This repository provides my solution for Project assignment for the course of Machine Learning and Computational Statistics for the MSc in Data Science at Athens University of Economics and Business.

Hyper Spectral Image (HSI)

An HSI depicts a specific scene at several (L) narrow continuous spectral bands (actually, they visualize the reflectance of the depicted scene in various spectral bands). It can be represented by a MxNxL three-dimensional cube, where the first two dimensions correspond to the spatial information, while the third corresponds to the spectral information. Thus, the (i,j) pixel in such an image, i=1,…,M, j=1,…,N, is represented by an L-dimensional vector (constituted by the corresponding spectral bands), called the spectral signature of the pixel. The HSI may depict specific scenes of the earth surface at a specific spatial resolution (that is, a single pixel may represent an area from 3x3 m2 , to, e.g., 100x100m2 or more).

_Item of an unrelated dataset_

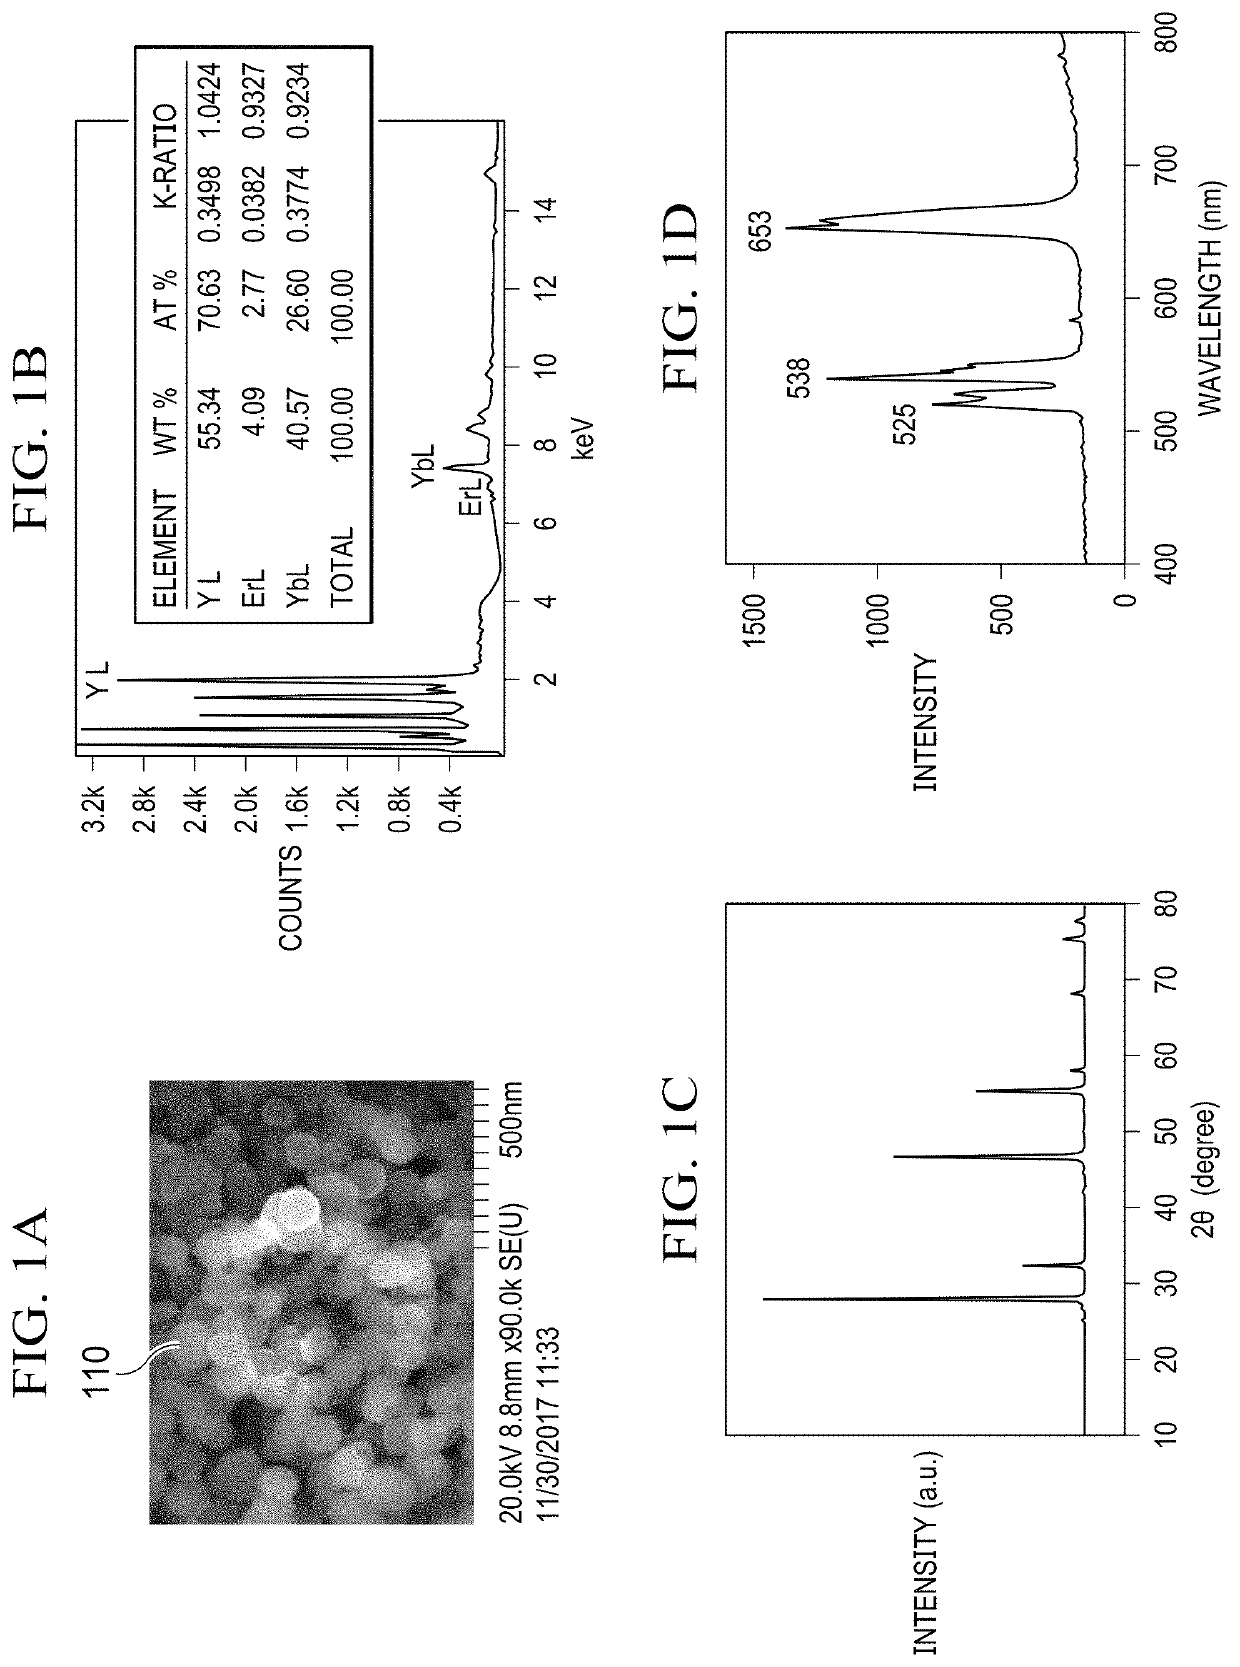 Single nir irradiation triggered upconversion NANO system for synergistic photodynamic and photothermal cancer therapy

That is, each pixel is likely to depict more than one materials depicted in the corresponding area of the scene. Such pixels are called mixed pixels and they are the vast majority of the pixels in the image. On the other hand, there are (usually) a few pixels that depict a single material. These are called pure pixels.

Problem set - Processing HSI

Spectral unmixing

The problem here is stated as follows: Assume that a set of m spectral signatures corresponding to the pure pixels in the HSI under study is given. For a given pixel in the image, the aim is to determine the percentage (abundance) to which each pure material contributes in its formation. It is clear, that SU provides sub-pixel information for a given pixel. Speaking in mathematical terms, let (i) y be the (column L-dimensional) spectral signature of the pixel under study, (ii) x1,… xm, be the spectral signatures (column L-dimensional vectors) of the pure pixels in the image (each one corresponding to a pure material met in the image) and (iii) θ, the m-dimensional abundance vector of the pixel (its q-th coordinate corresponds to the percentage to which the q-th pure pixel contributes to the formation of the pixel under study). Adopting the linear spectral unmixing hypothesis, the above quantities are related as follows y = X * θ + η where η is an L-dimensional i.i.d., zero mean Gaussian noise vector. Note that, physically, the entries of θ should be nonnegative and (ideally) they should sum to one.

Supervised Classification

In this case, the problem is stated as follows: Assume that all the pixels in the HSI under study are known to belong to one out of m known classes. Given a specific pixel, the aim is to determine the most suitable class to assign it.

Data explained

All questions in this project refer to the so called “Pavia University” HSI, which depicts an area of the University of Pavia in Italy. It is a 300x200 spatial resolution HSI and consists of 103 spectral bands, gathered by the ROSIS sensor. Its spatial resolution is 1.3m (that is, the HSI is a 300x200x103 cube). The HSI depicts materials from nine (9) classes. The data that will be used are in the files “PaviaU_cube.mat” (the Pavia University hypercube) and “PaviaU_ground_truth.mat” (the class label for each pixel). Only the pixels with nonzero class label will be taken into consideration in this project.

Project Description

Spectral Unmixing

The “PaviaU” HSI includes 9 endmembers, each one corresponding to a certain material, as described in the following table:

  1. Water
  2. Trees
  3. Asphalt
  4. Self-Blocking Bricks
  5. Bitumen
  6. Tiles
  7. Shadows
  8. Meadows
  9. Bare Soil

The aim is to perform unmixing on each one of the pixels in the image with nonzero label, with respect to the 9 endmembers using the following five different spectral unmixing methods:

(a) Least squares (b) Least squares imposing the sum-to-one constraint (c) Least squares imposing the non-negativity constraint on the entries of θ (d) Least squares imposing both the non-negativity and the sum-to-one constraint on the entries of θ (e) LASSO, i.e., impose sparsity on θ via 𝑙1 norm minimization.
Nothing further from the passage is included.